> **Data below**:
────────────────────

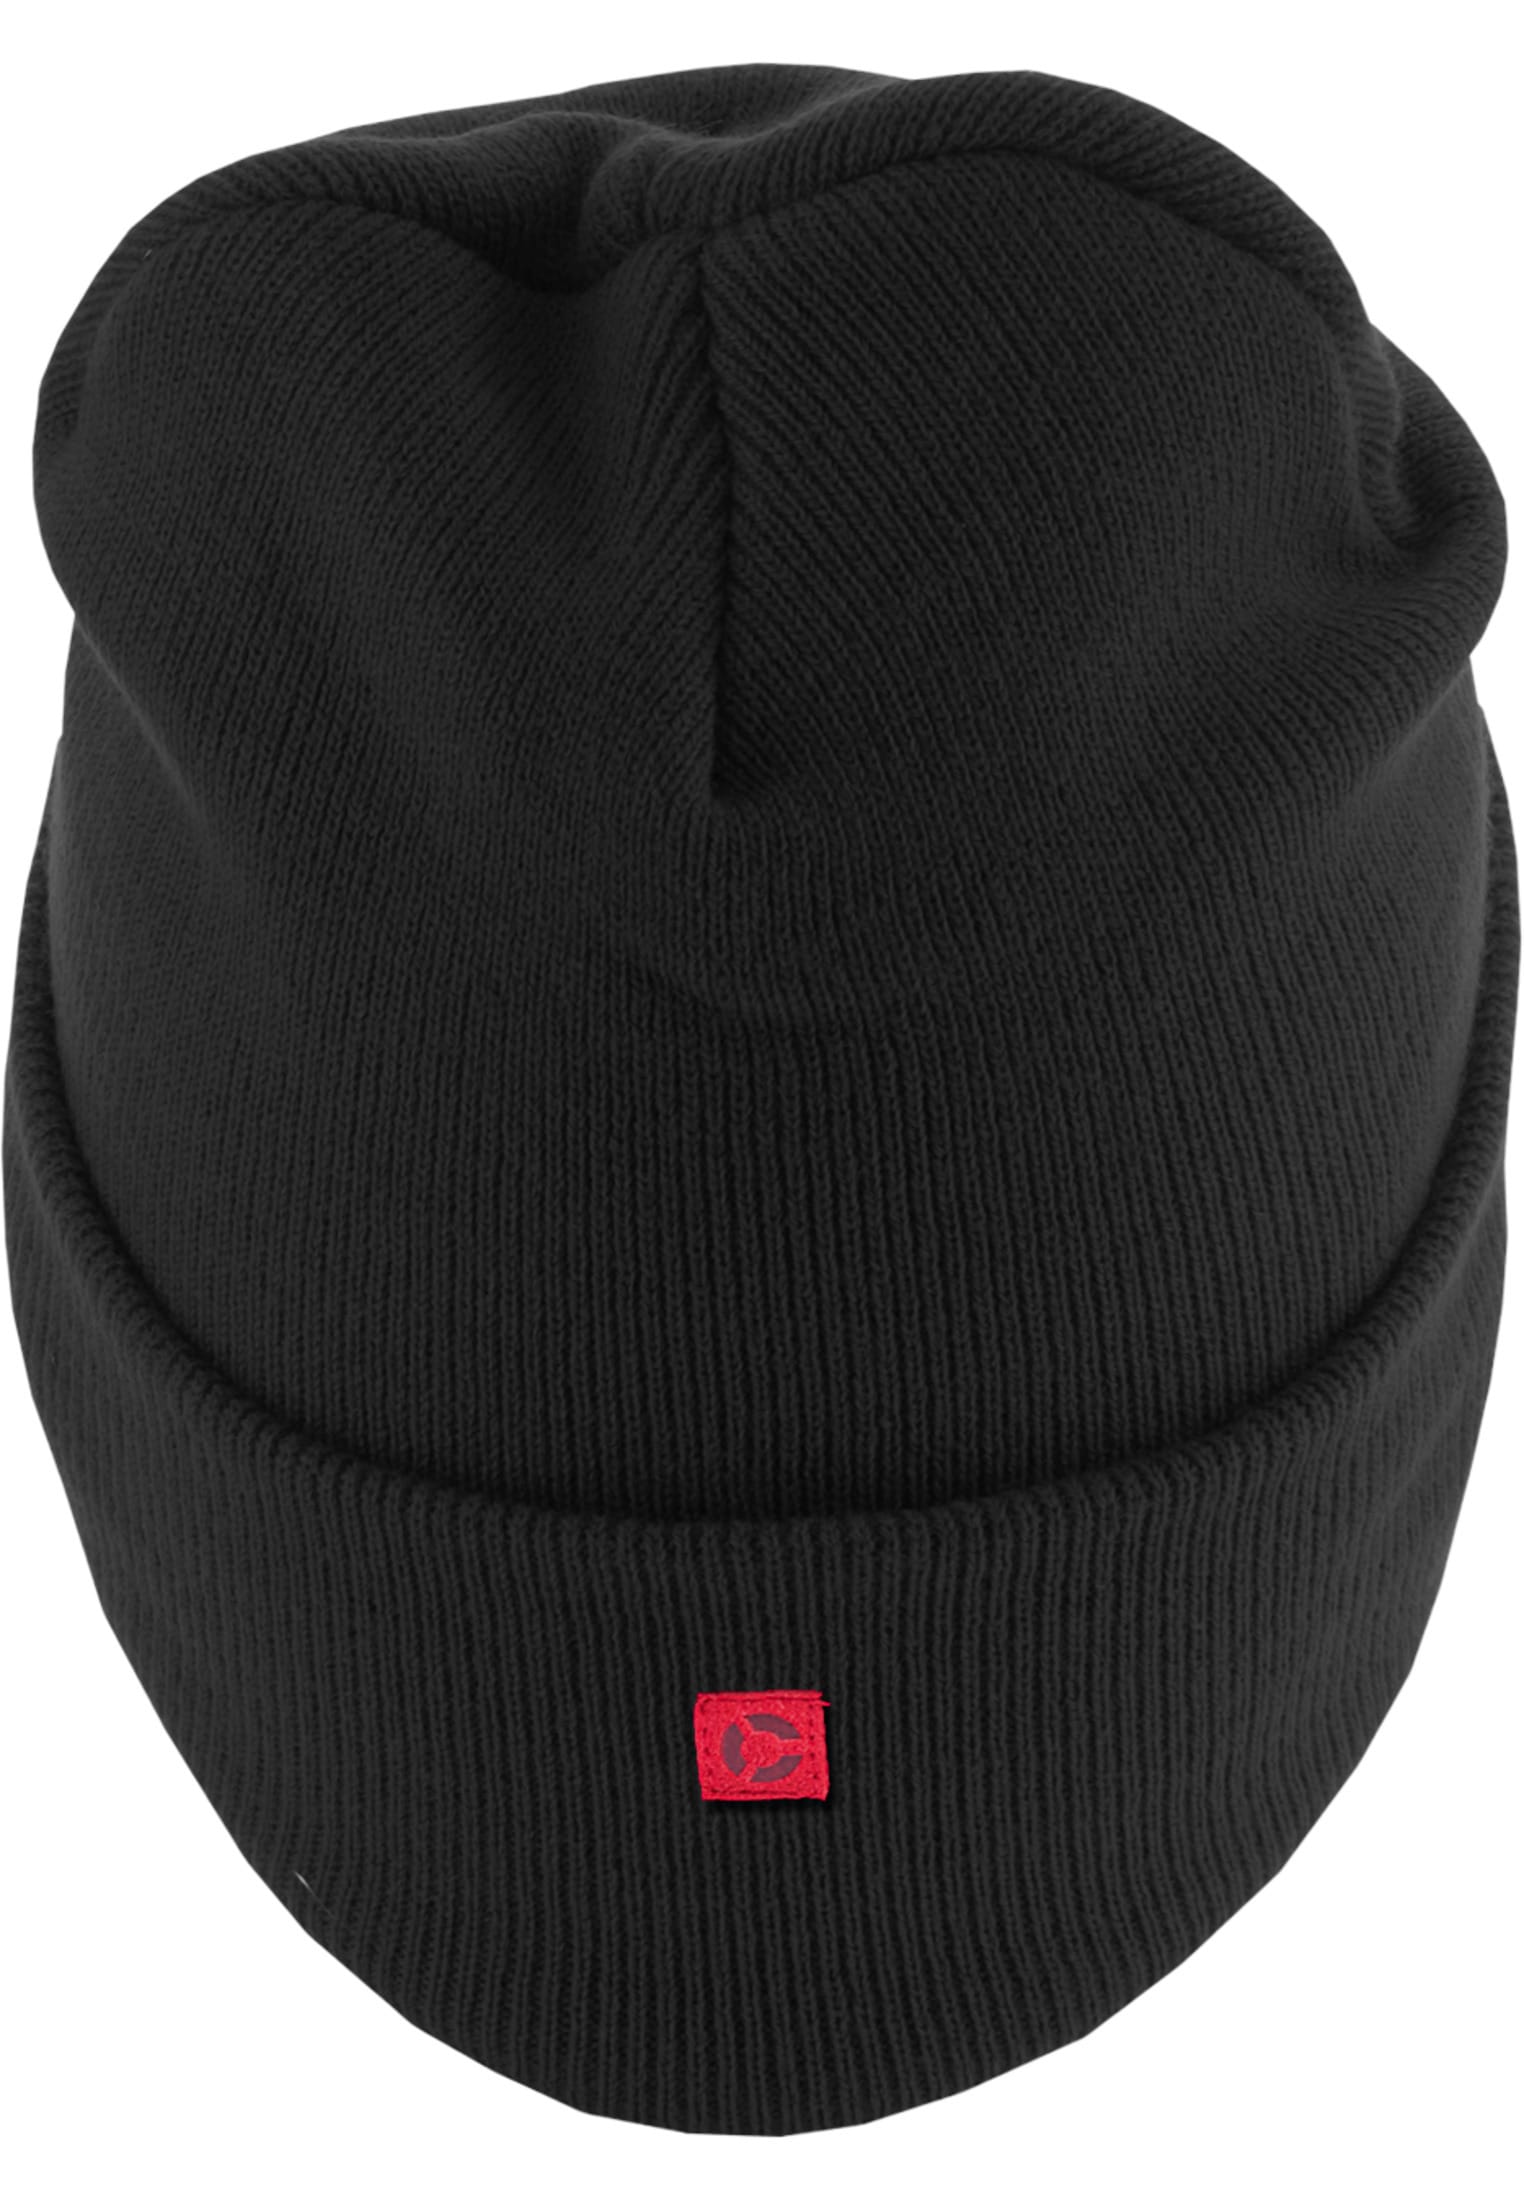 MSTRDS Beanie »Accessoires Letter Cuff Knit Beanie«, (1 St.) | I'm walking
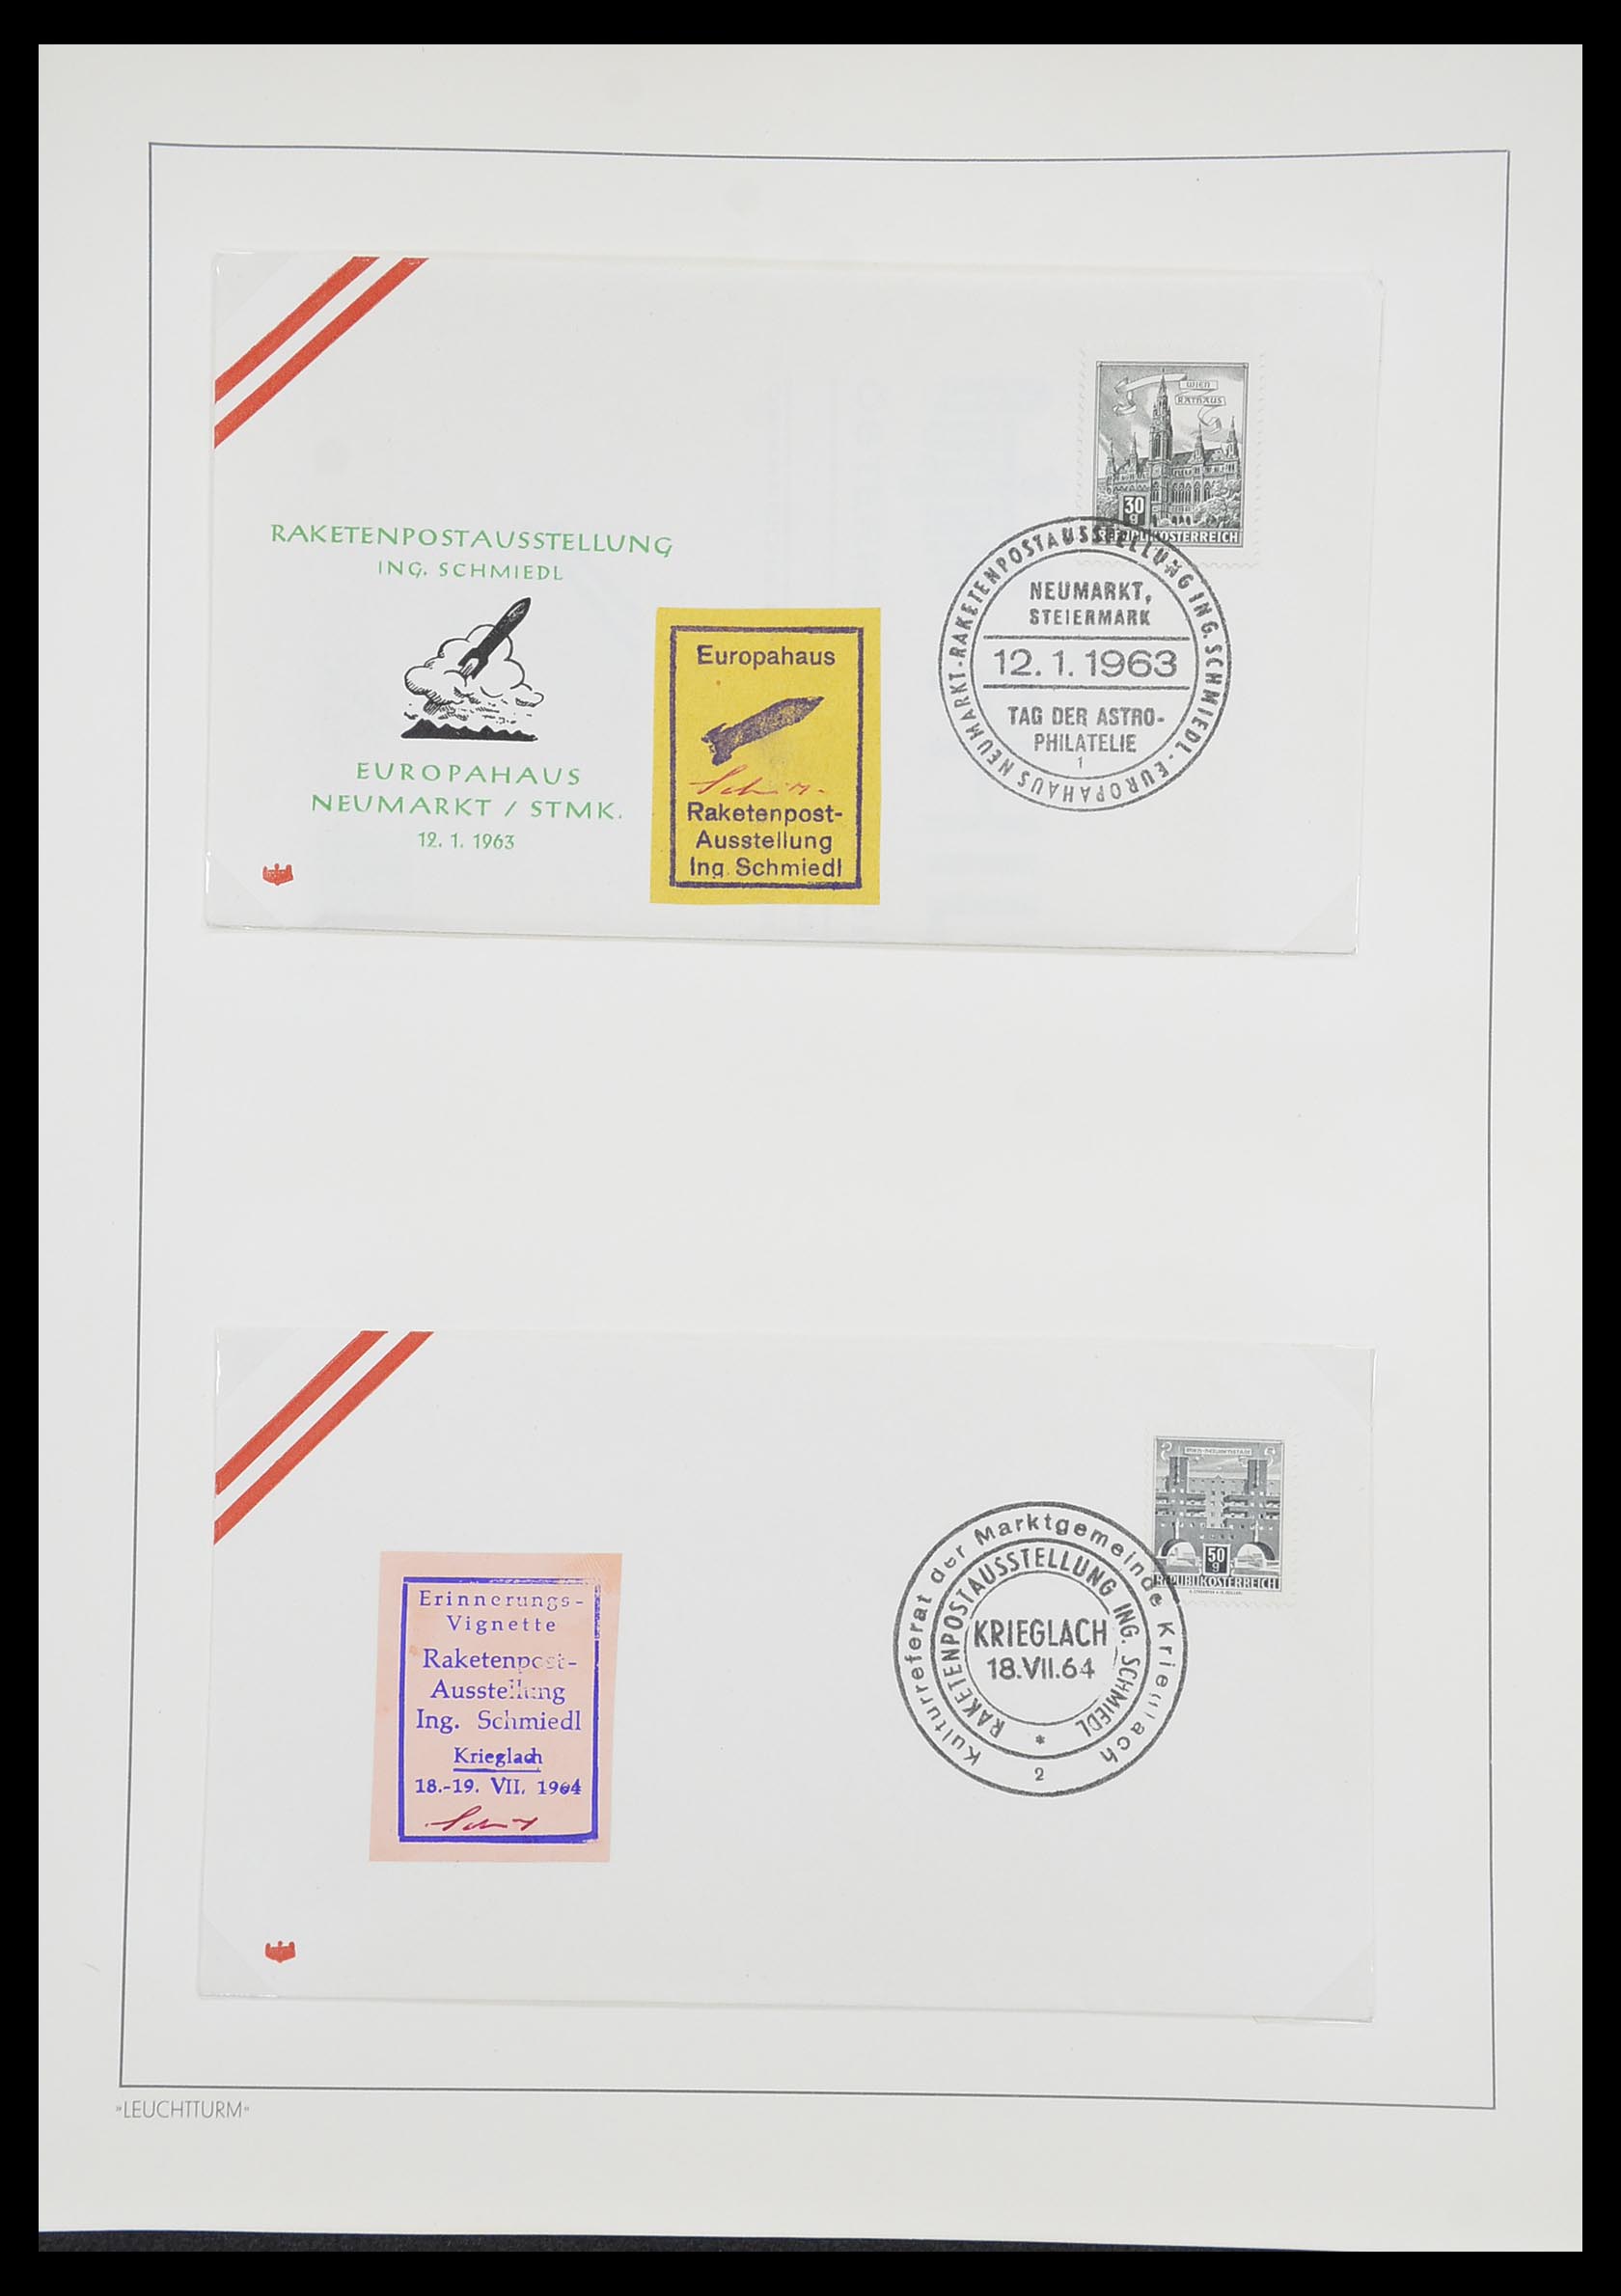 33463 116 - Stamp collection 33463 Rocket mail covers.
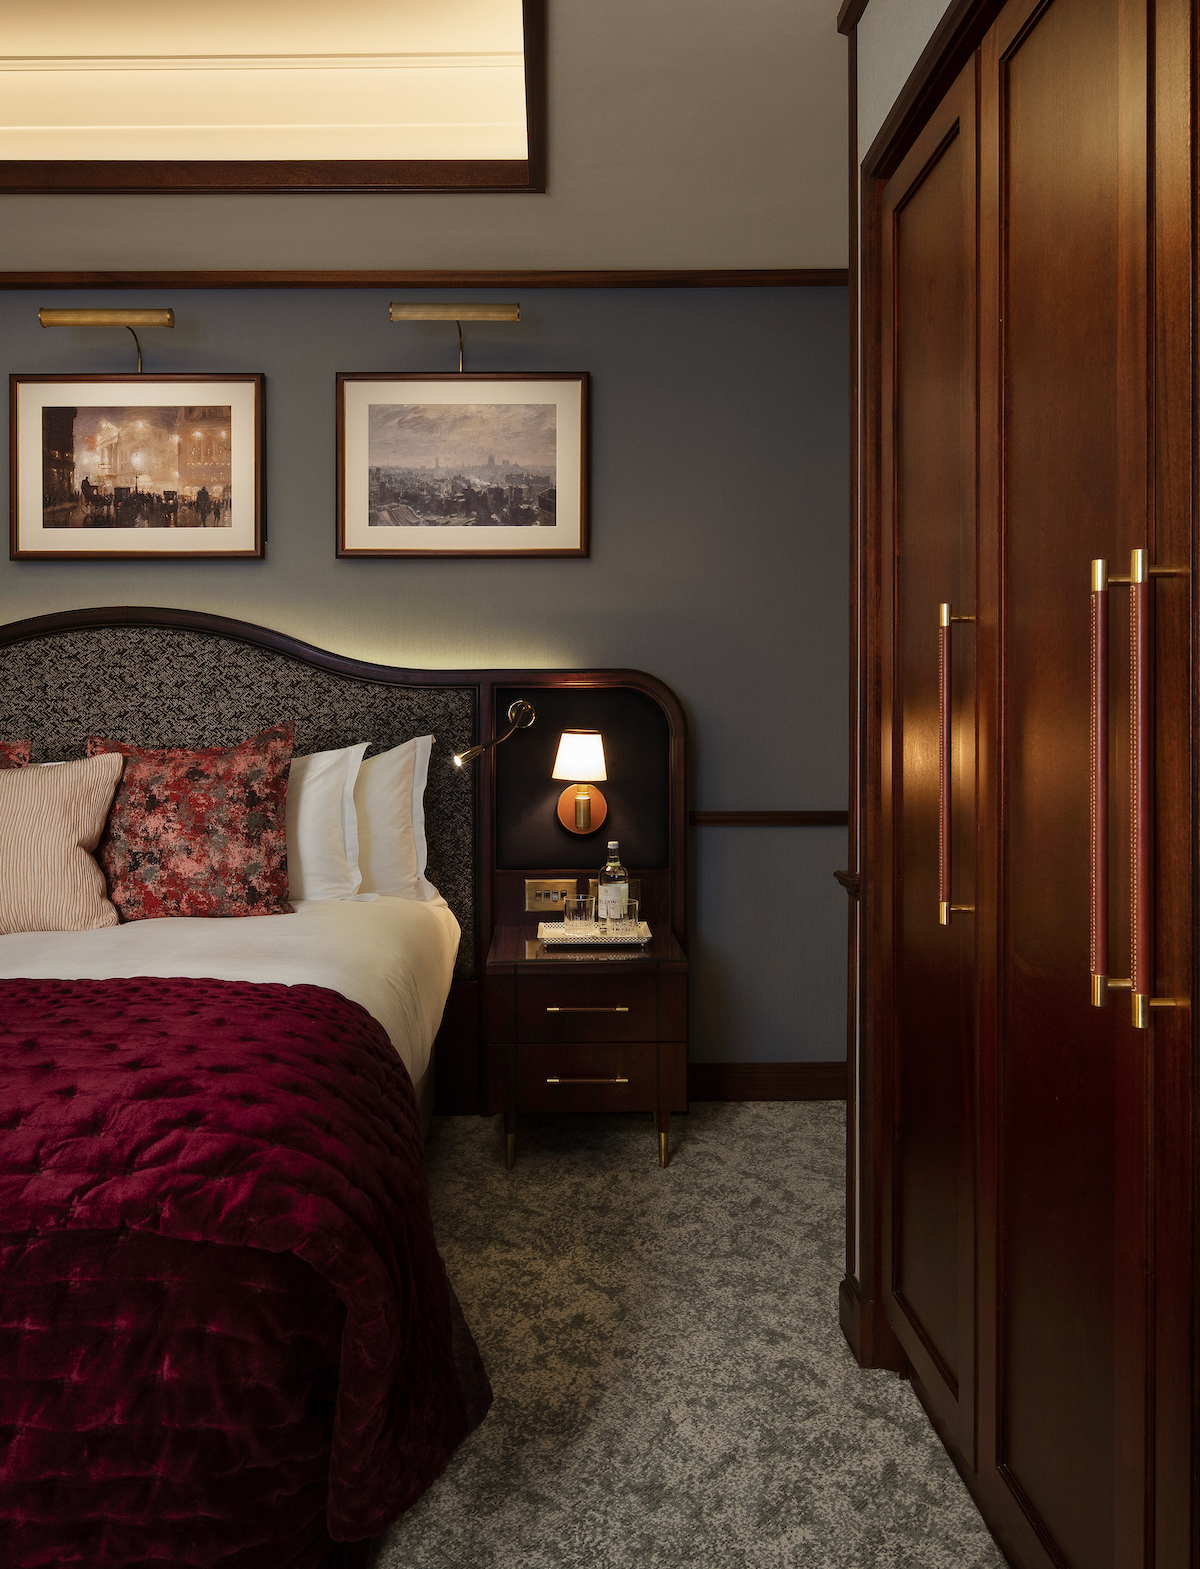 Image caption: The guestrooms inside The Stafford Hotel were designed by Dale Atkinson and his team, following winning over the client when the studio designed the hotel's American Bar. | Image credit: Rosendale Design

────────────────────

> **Prompt**:
Every line above is to be written out unchanged, with the pictures omitted.

> **Response to the task**:
 MSTRDS Beanie »Accessoires Letter Cuff Knit Beanie«, (1 St.) | I'm walking
 33463 116 - Stamp collection 33463 Rocket mail covers.
 Image caption: The guestrooms inside The Stafford Hotel were designed by Dale Atkinson and his team, following winning over the client when the studio designed the hotel's American Bar. | Image credit: Rosendale Design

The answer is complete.